Items listed in a dataset:
-- Opening Marker --
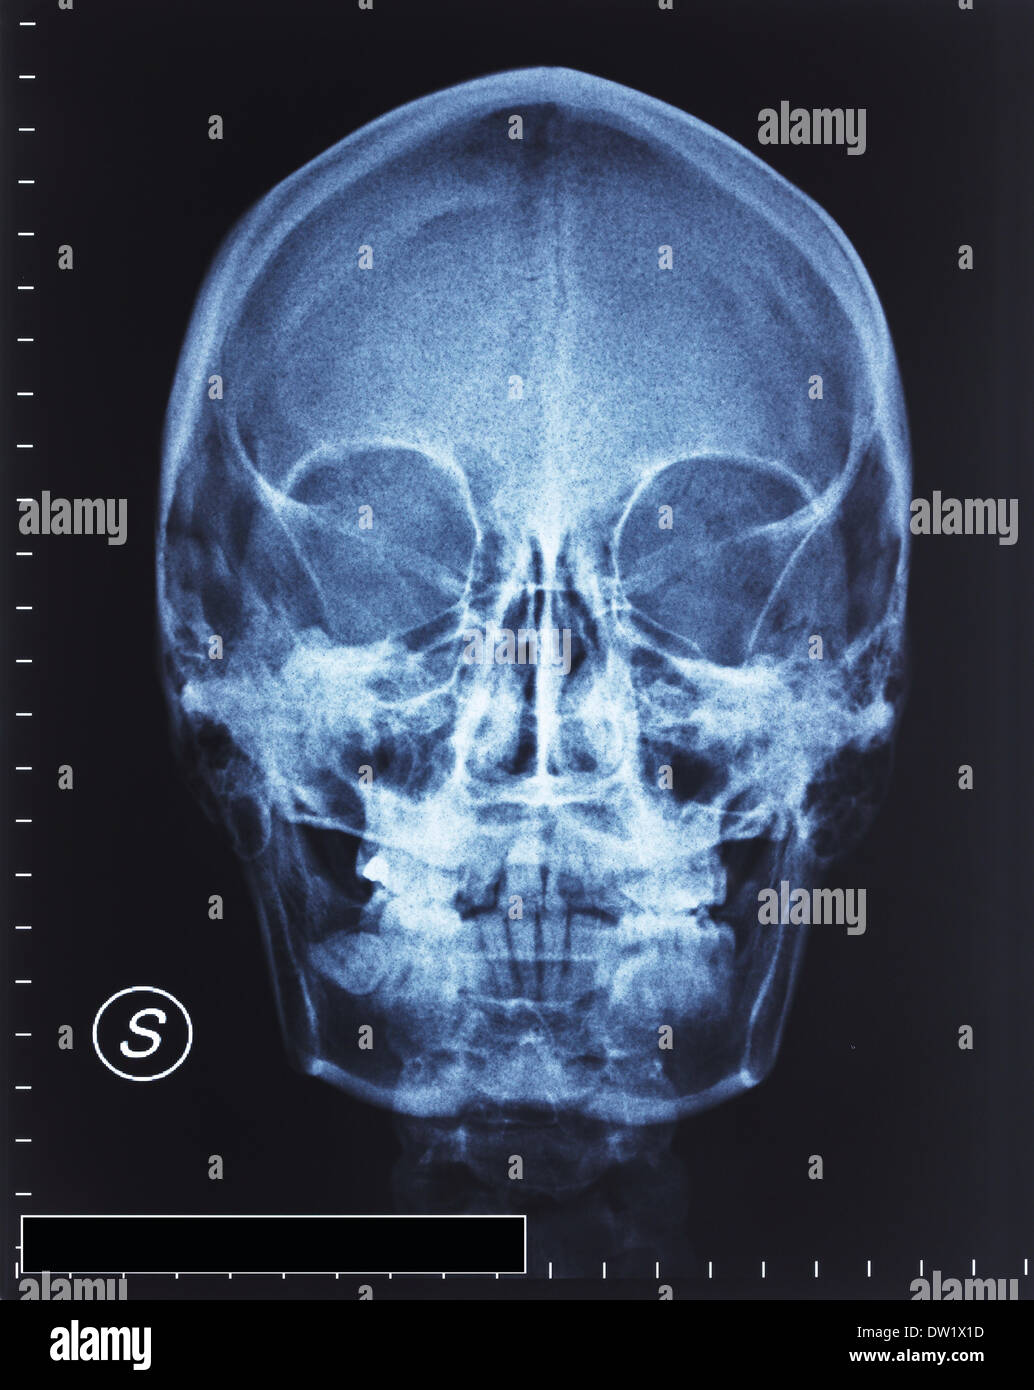 skull xray - Stock Image
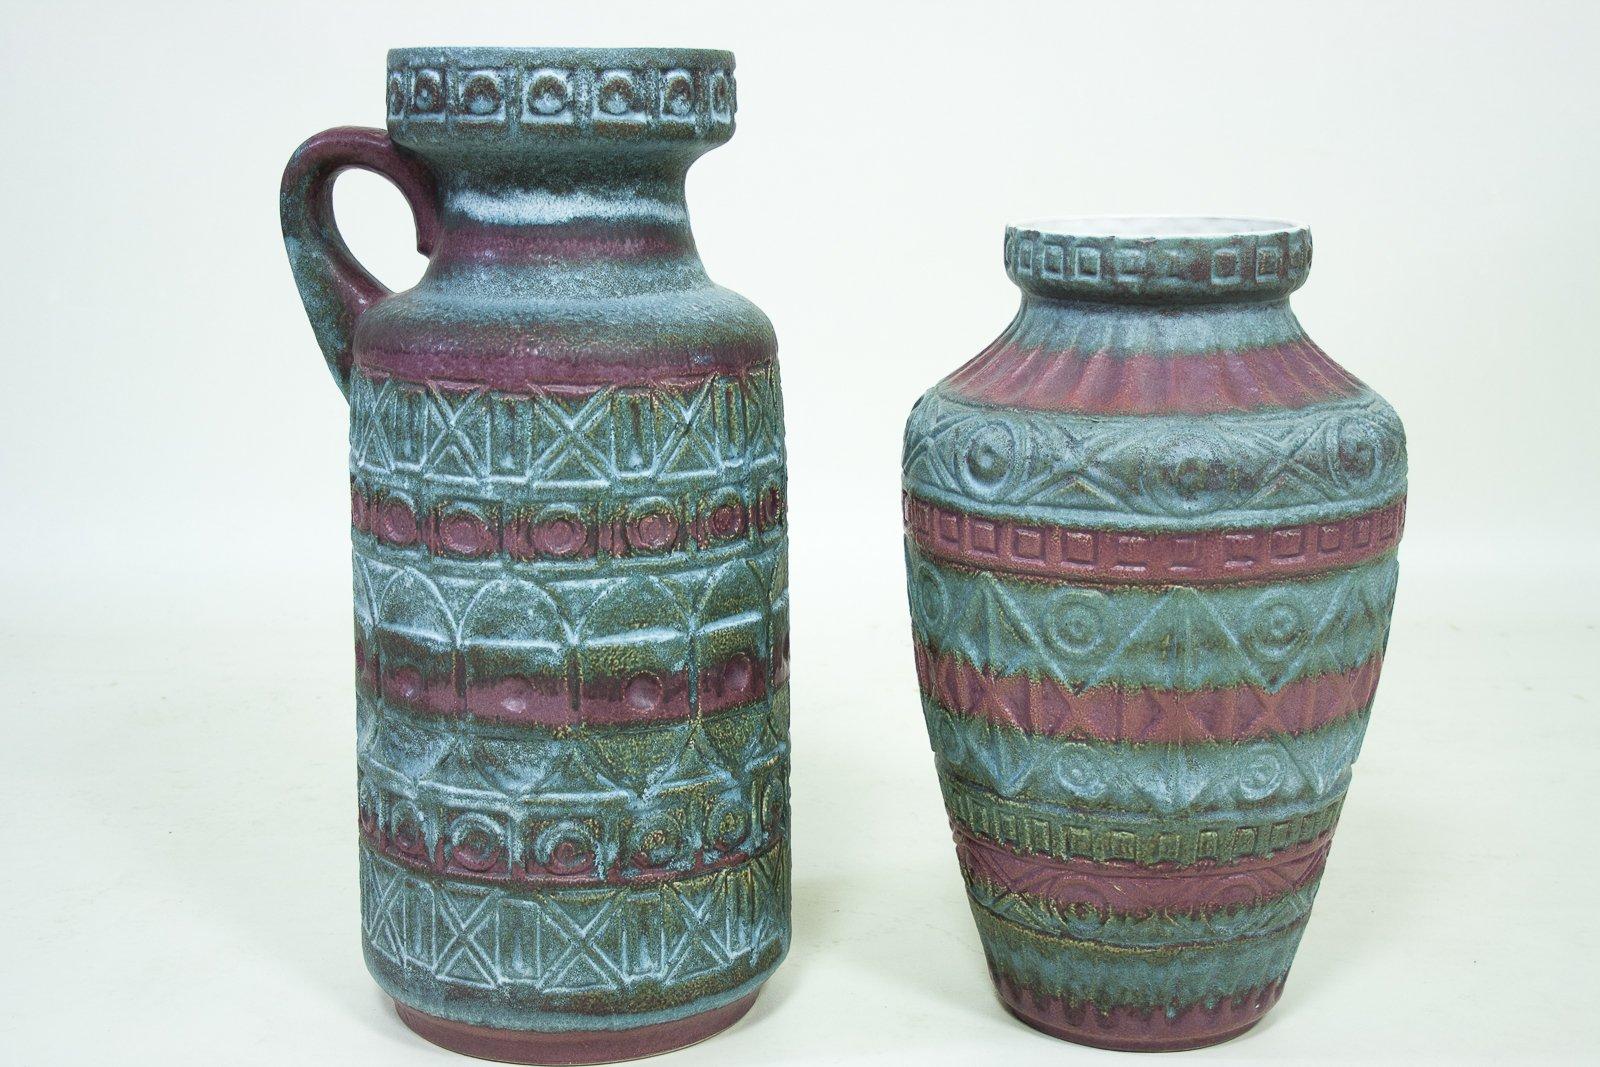 Vintage west german ceramic vases by bodo mans for bay keramik vintage west german ceramic vases by bodo mans for bay keramik set of 2 reviewsmspy
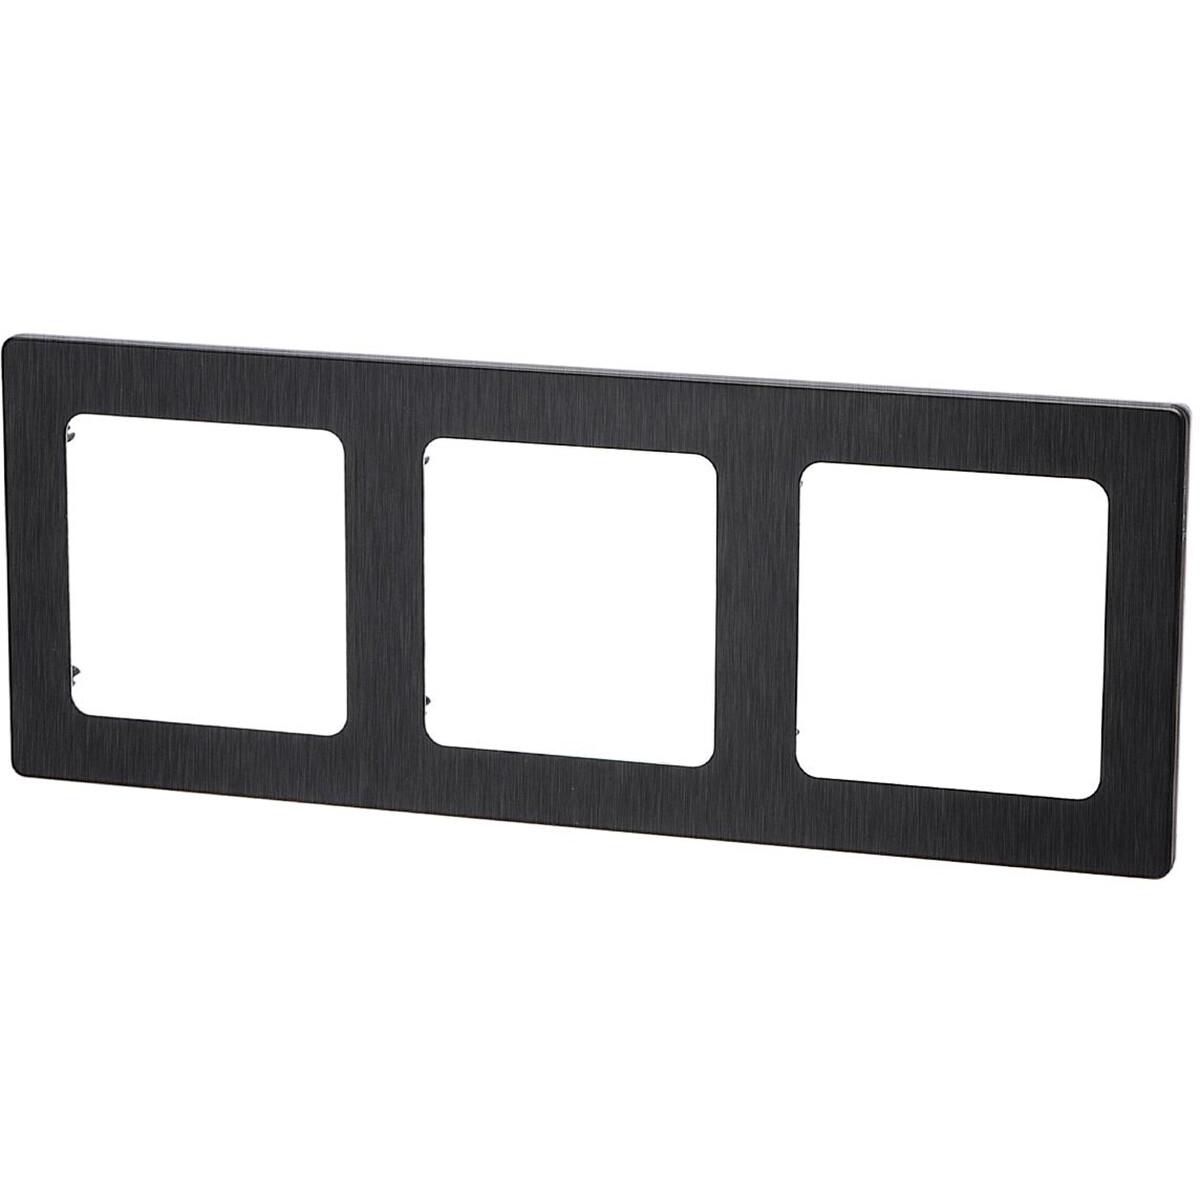 Afdekraam - Aigi Jura - 3-voudig - Vierkant - Aluminium - Zwart
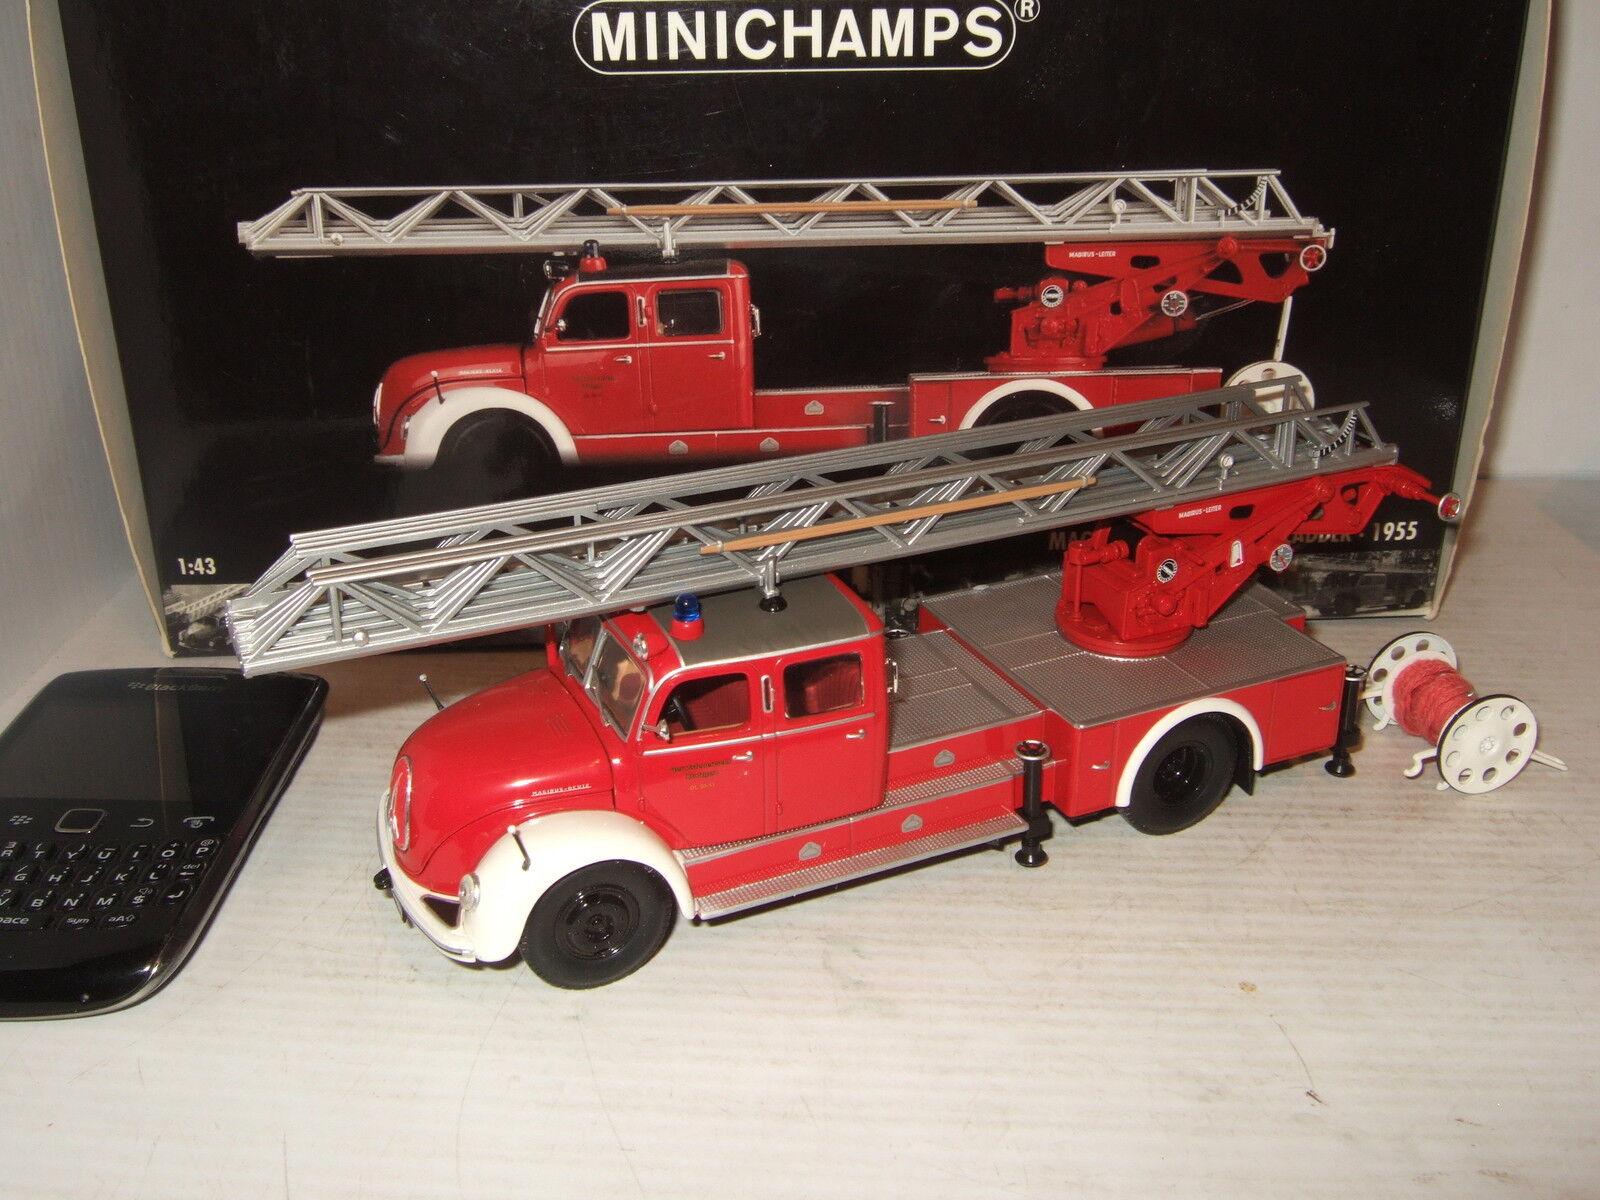 Minichamps 140071 Raro 1955 Magirus S 6500 Aerial Ladder en 1 43 Escala.
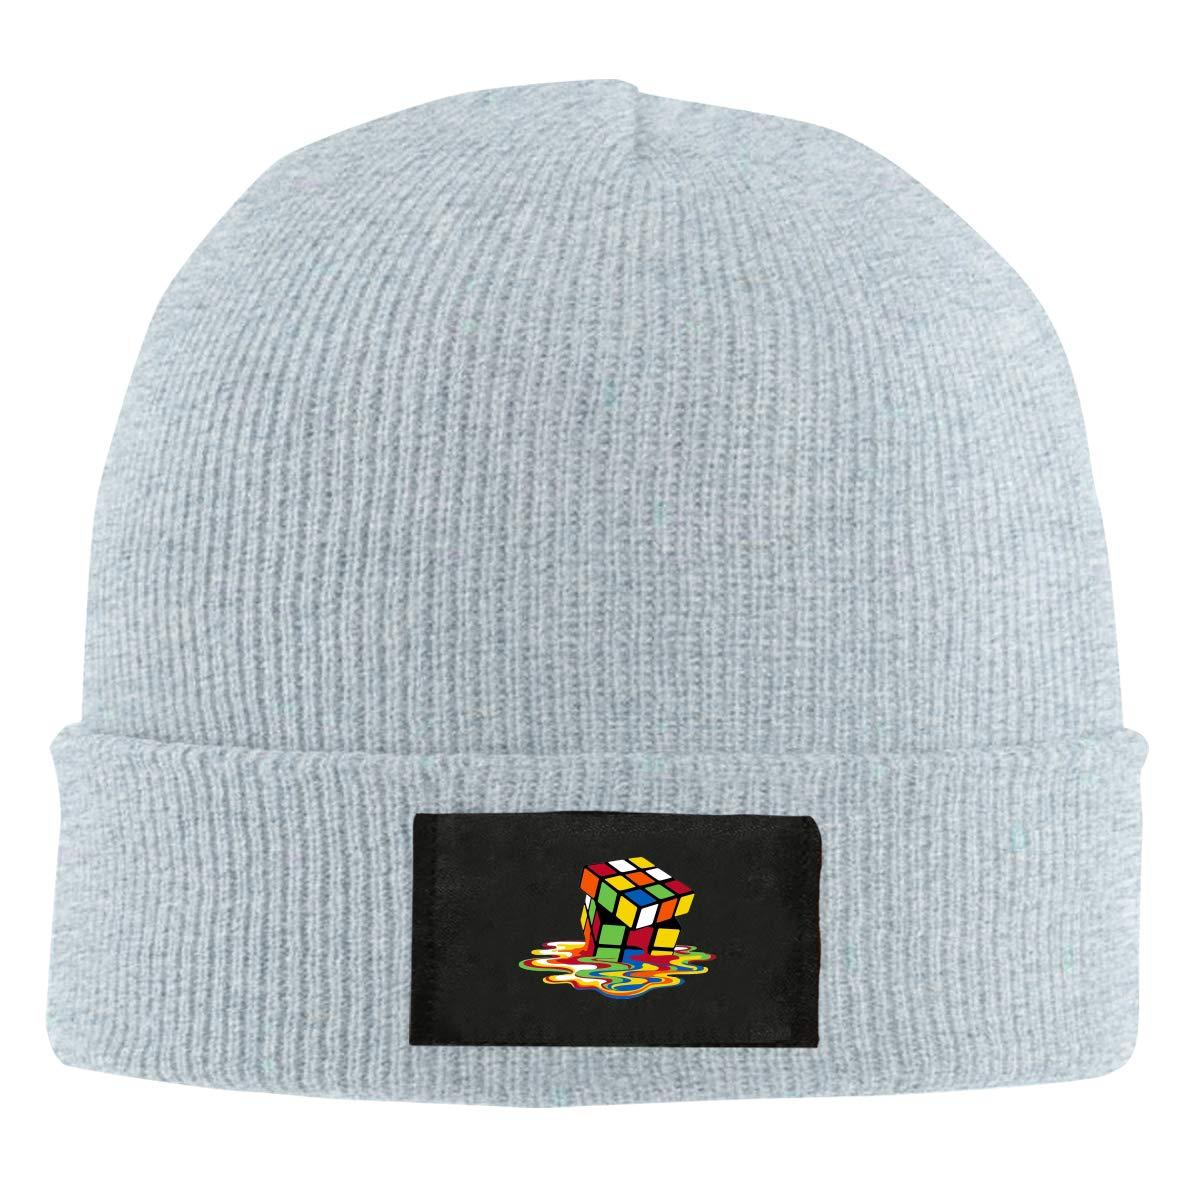 Melting Puzzle Cube Winter Beanie Hat Knit Skull Cap for Men /& Women
-- Closing Marker --
TASK INSTRUCTIONS: Every line from the one bearing "Afdekraam - Aigi" through the end of the data above must be output exactly, and no picture may appear.

PROBLEM SOLUTION:
 Afdekraam - Aigi Jura - 3-voudig - Vierkant - Aluminium - Zwart
 Minichamps 140071 Raro 1955 Magirus S 6500 Aerial Ladder en 1 43 Escala.
 Melting Puzzle Cube Winter Beanie Hat Knit Skull Cap for Men /& Women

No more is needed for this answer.